Steve, they don't actually "drop." As compared to landing on a land strip, they "drop." That's all I meant by that. In that regard, there's nothing special about the design of "carrier-built" aircraft. At bottom, I'm still just not seeing how a P-47 is not, by design, enabled to "drop" down on a carrier deck, at the proper attitude and air speed.


----------



## Shortround6 (Feb 18, 2014)

You have been here for over 3 years and over 800 posts.

I am not going to do your work for you. 

For resources try : Zeno's Warbird Videos - World War II Pilot Training videos air combat documentaries playing for free over the Internet

Specifically: http://www.zenoswarbirdvideos.com/Images/P-47/47TOCL.gif

http://www.zenoswarbirdvideos.com/Images/P-40/P-40TOCLC.pdf

http://www.zenoswarbirdvideos.com/Images/B-25/B25TOC&LC.pdf

http://www.zenoswarbirdvideos.com/Images/F4U/F4UTOCL.gif

There are a number of aircraft manuals available on this site in the Other Mechanical Systems Tech. section.

BTW the manual for the P-47B,C,D and G says the stalling speed is 100mph IAS with flaps and gear down. 

A number of people have told you that you are wrong and yet you want US to prove it. 

You want to come up with ideas the question "conventional" wisdom how about doing a little research yourself with these "FREE" on line resources and come up with some hard facts.
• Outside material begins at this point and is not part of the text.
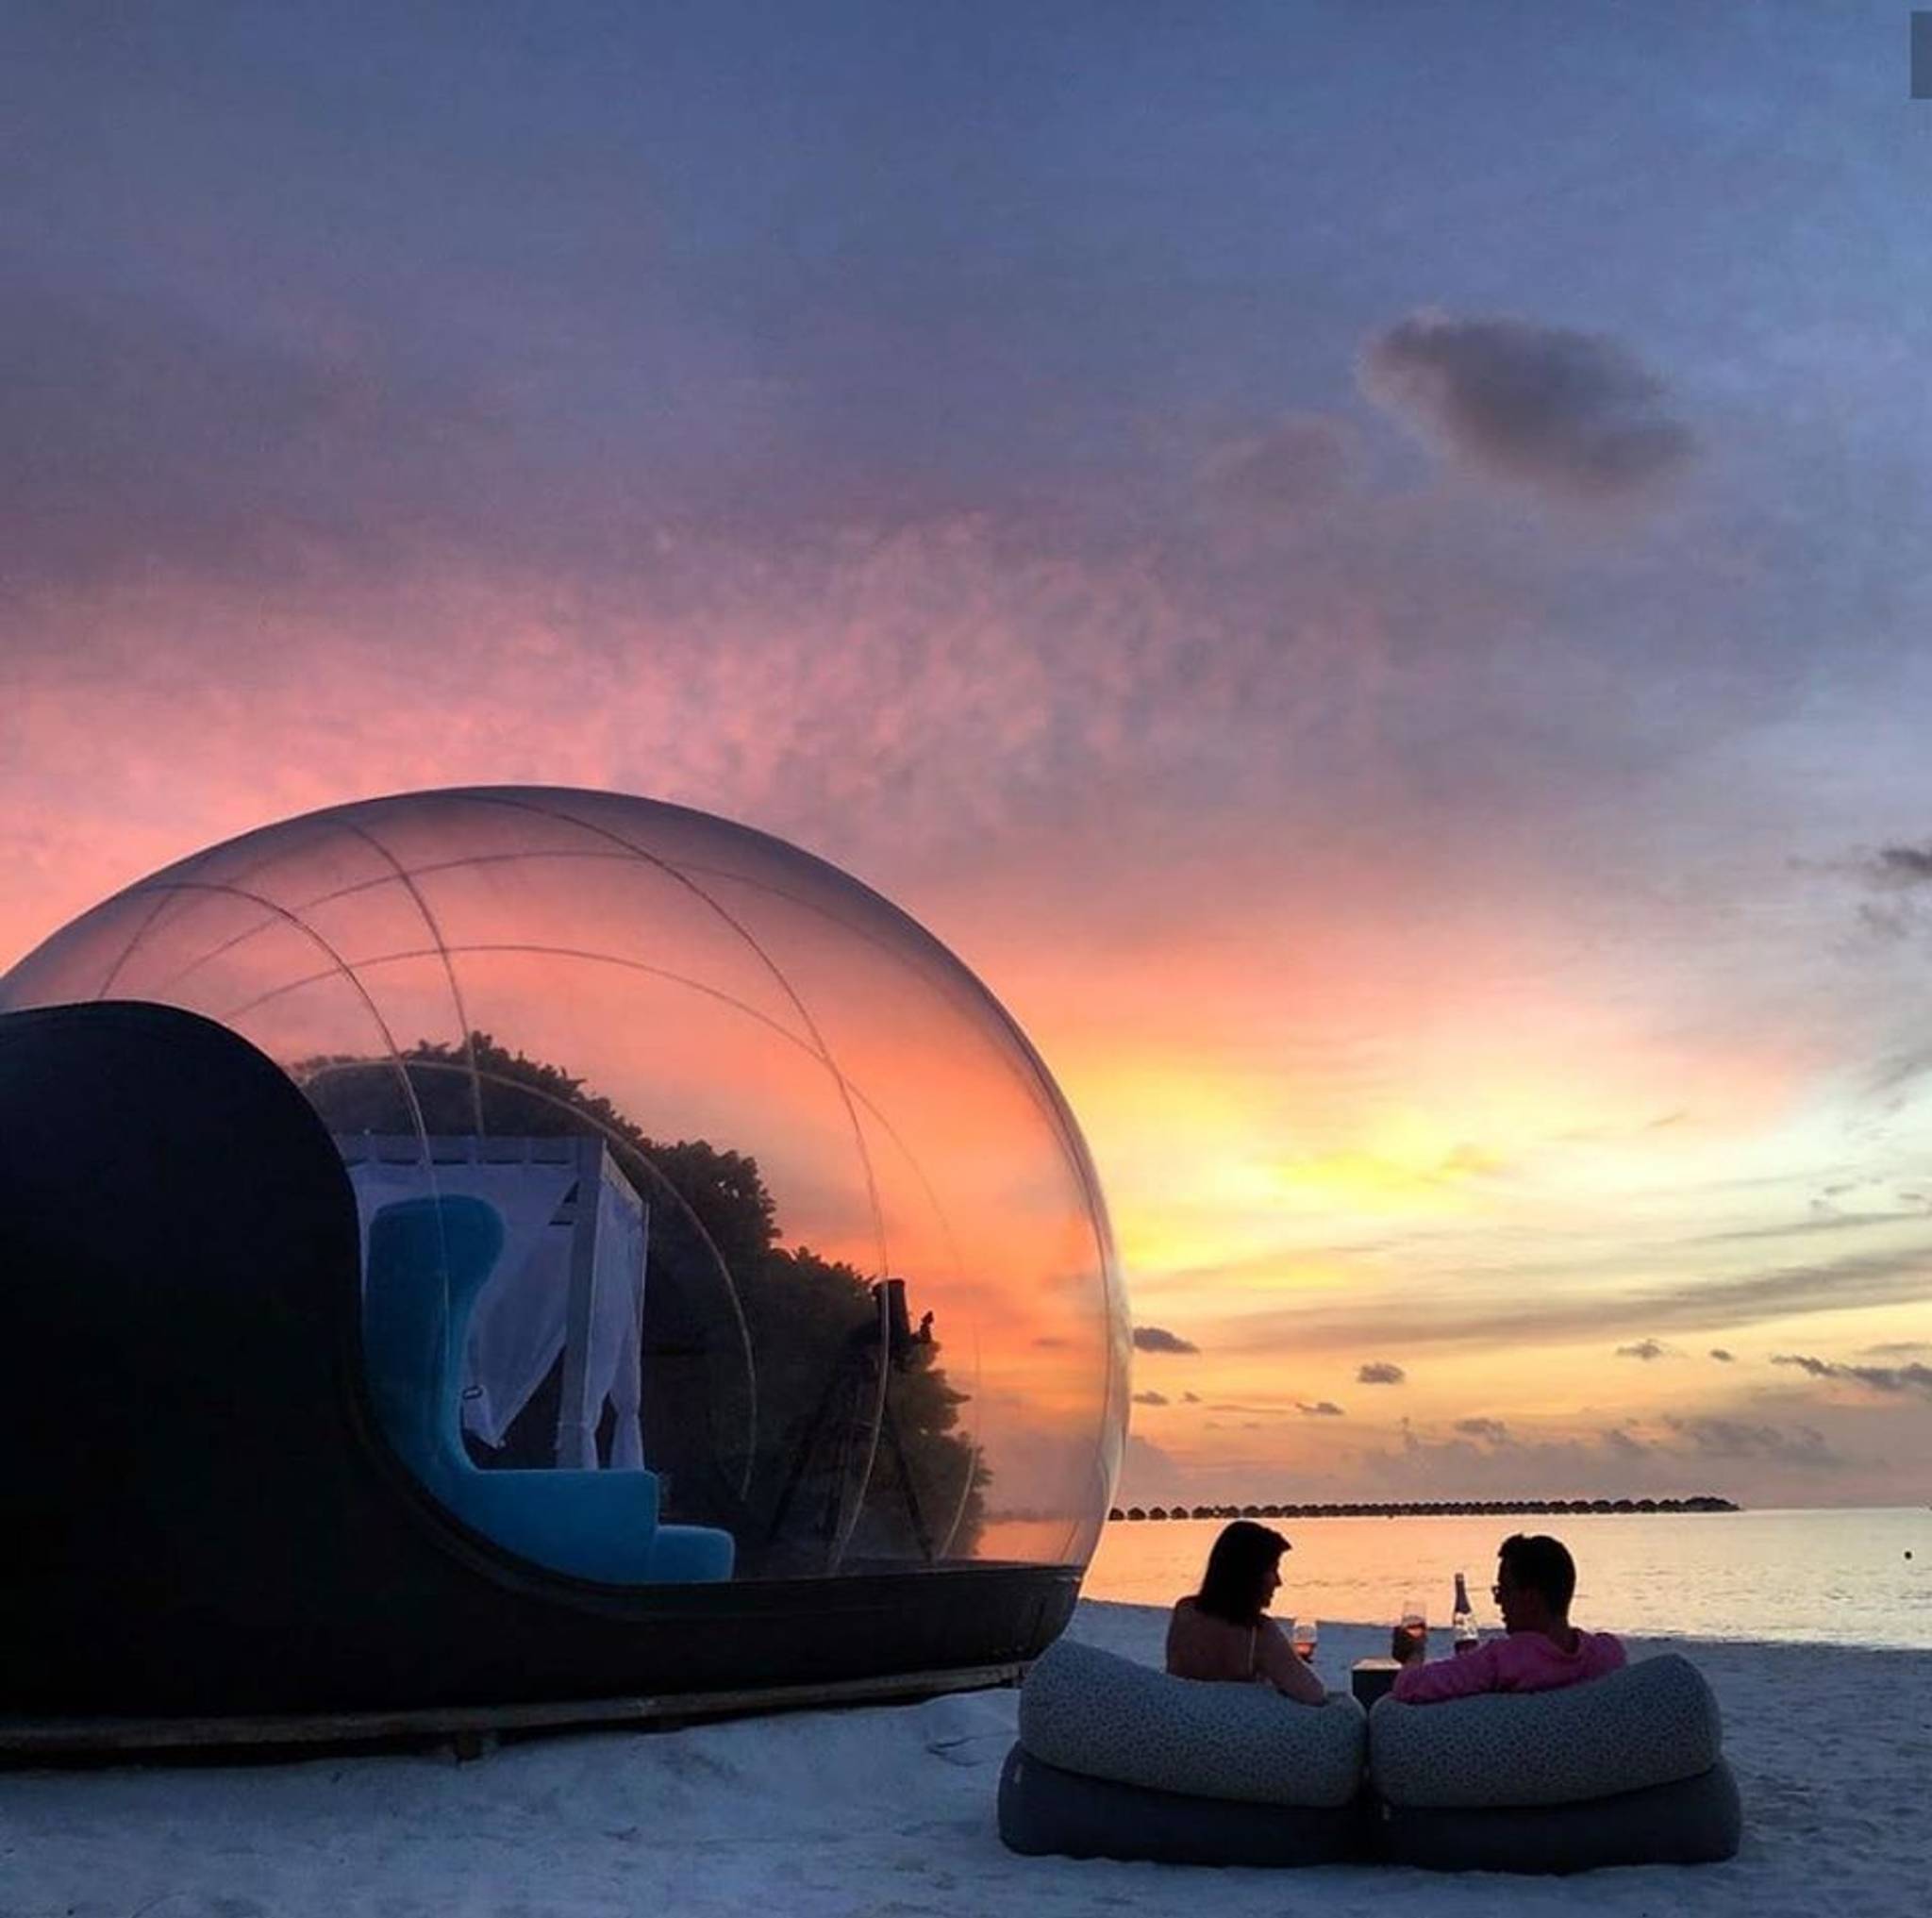 Beach bubbles bring novel allure to post-covid travel

All it will cost you is time.


----------



## Shortround6 (Feb 18, 2014)

Trouble is that the "proper" attitude and airspeed is going to be about 30mph faster than the Navy planes and there is no getting around it. The P-47 simply will NOT fly at 75-95mph. It is stalled and dropping fast.


----------



## stona (Feb 18, 2014)

VBF-13 said:


> Steve, they don't actually "drop." As compared to landing on a land strip, they "drop." That's all I meant by that. In that regard, there's nothing special about the design of "carrier-built" aircraft. At bottom, I'm still just not seeing how a P-47 is not, by design, enabled to "drop" down on a carrier deck, at the proper attitude and air speed.



Because the proper airspeed for a carrier deck landing is below the speed at which a P-47 will fly. Slowing down to a speed at which it can make the landing will just result in it falling into the sea.

There are special features built in to aircraft designed for carrier operations which is why aircraft converted to such from another role are often not very good at it. These vary from complex aerodynamic properties, to the design of the undercarriage and cockpit and even the exterior and interior finish.

Cheers

Steve

Reactions: Like Like:
1 | Like List reactions


----------



## VBF-13 (Feb 18, 2014)

Well, to say this is all news to me, is quite the understatement, I have to tell you. May I conclude this, on what you're saying, the P-47 can't be brought to the requisites for a carrier deck landing, for its stall characteristics? If that's it, I'd just never have imagined it. I can understand it, though. These aircraft have to be "brought down," and if the P-47 can't be, for its stall characteristics, that'd cinch it for me.


----------



## GrauGeist (Feb 18, 2014)

It was common practice for the Army and Navy to compare and evaluate the same airframe for their needs. I am sure that the U.S. Navy looked at the P-47 and decided it wasn't suitable for it's needs.

The slowest stall speed for the P-47D was 98 mph IAS, full flaps, gear down, cowl shutters closed and engine at idle.

Reactions: Like Like:
1 | Like List reactions


----------



## FLYBOYJ (Feb 18, 2014)

GrauGeist said:


> It was common practice for the Army and Navy to compare and evaluate the same airframe for their needs. I am sure that the U.S. Navy looked at the P-47 and decided it wasn't suitable for it's needs.
> 
> The slowest stall speed for the P-47D was 98 mph IAS, full flaps, gear down, cowl shutters closed and engine at idle.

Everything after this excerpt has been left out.